Requirement: Among the entries that follow, locate the line with "30+ lb Drozdovka River salmon" and the line with "SpielzeugQube Soap Studio". Output those lines and all lines in between, exactly, minus the pictures.

Dataset:
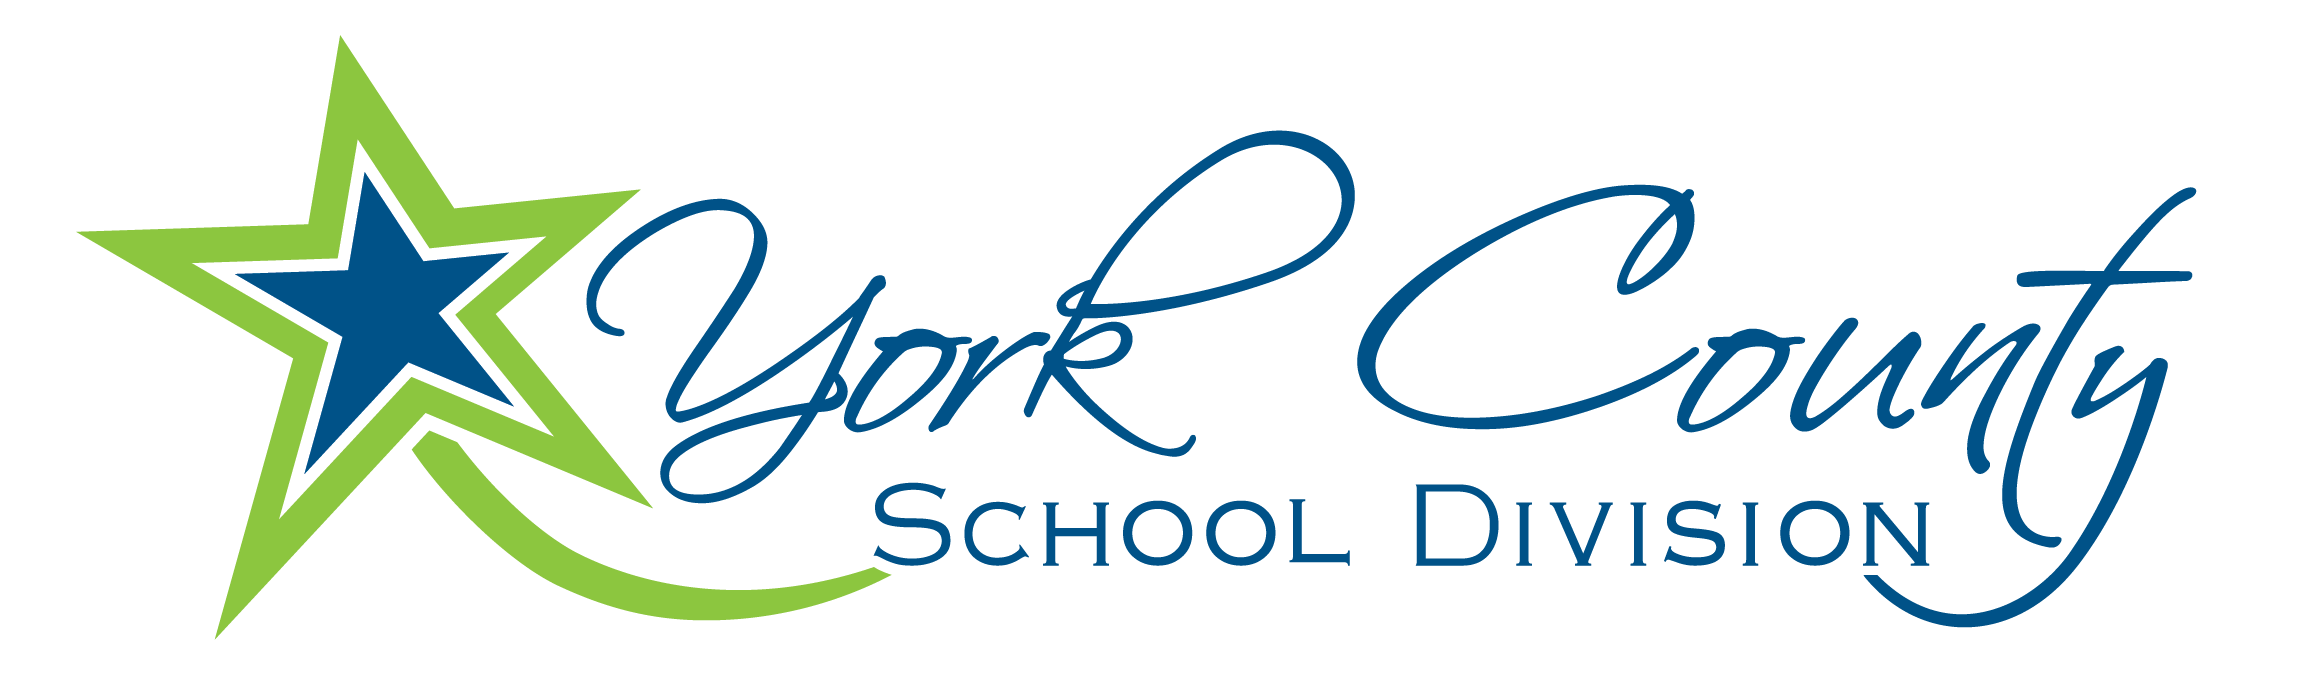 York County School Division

* * *

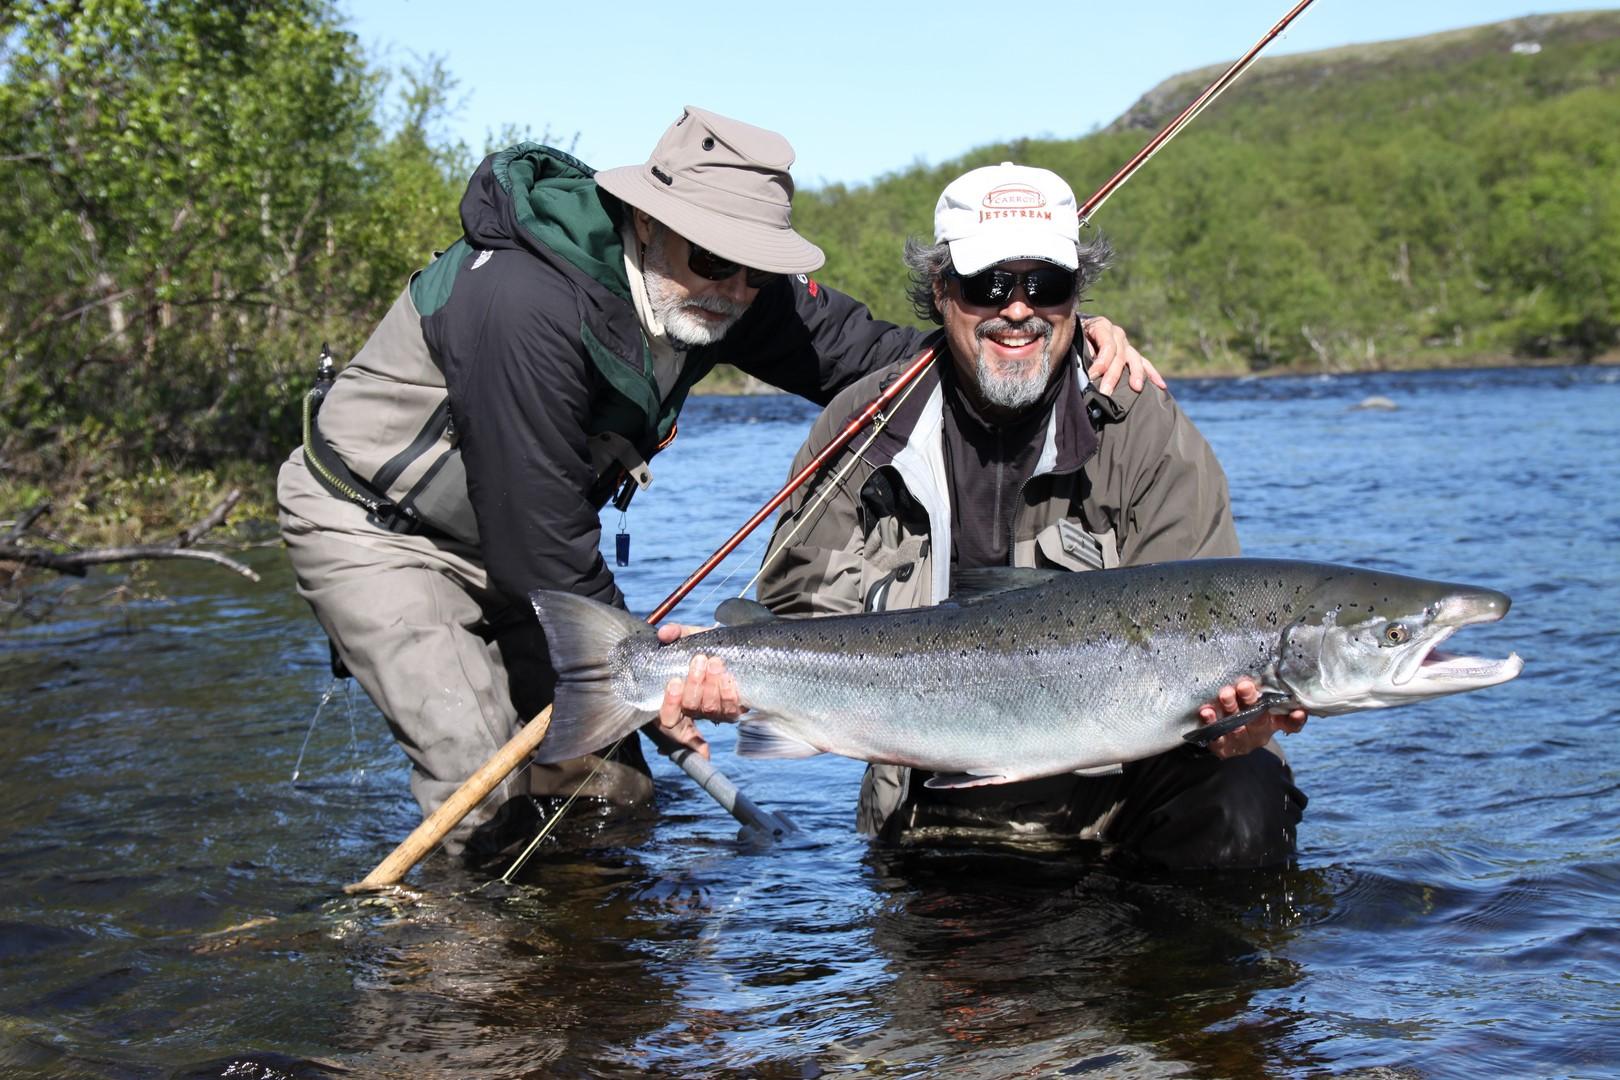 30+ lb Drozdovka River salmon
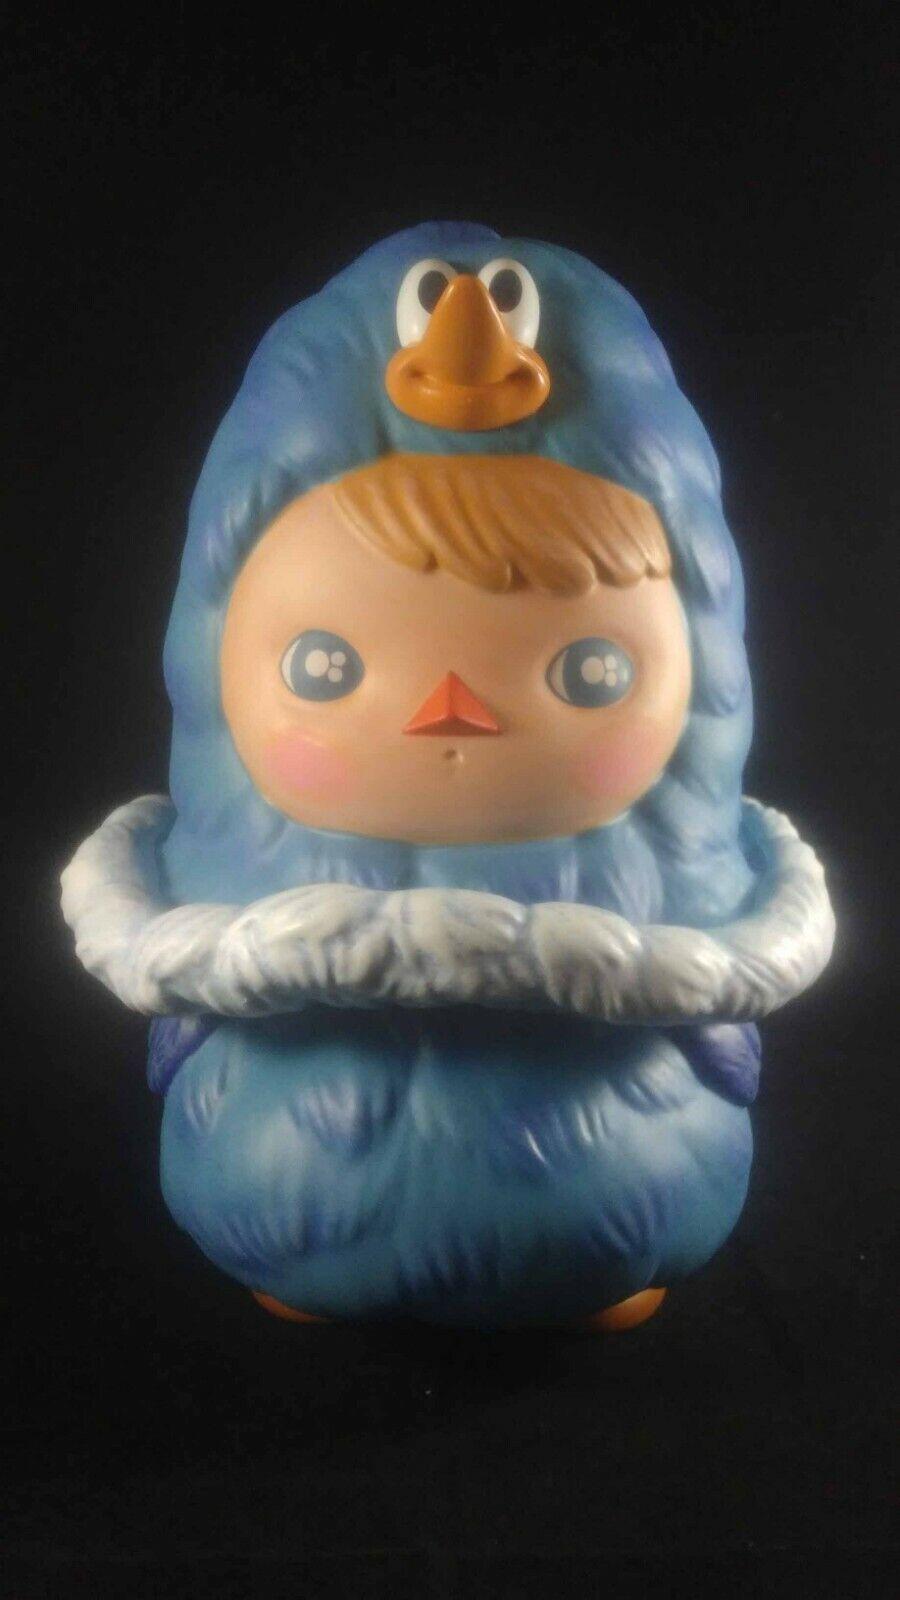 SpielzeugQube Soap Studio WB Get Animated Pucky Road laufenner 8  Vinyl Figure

Output below:
 30+ lb Drozdovka River salmon
 SpielzeugQube Soap Studio WB Get Animated Pucky Road laufenner 8  Vinyl Figure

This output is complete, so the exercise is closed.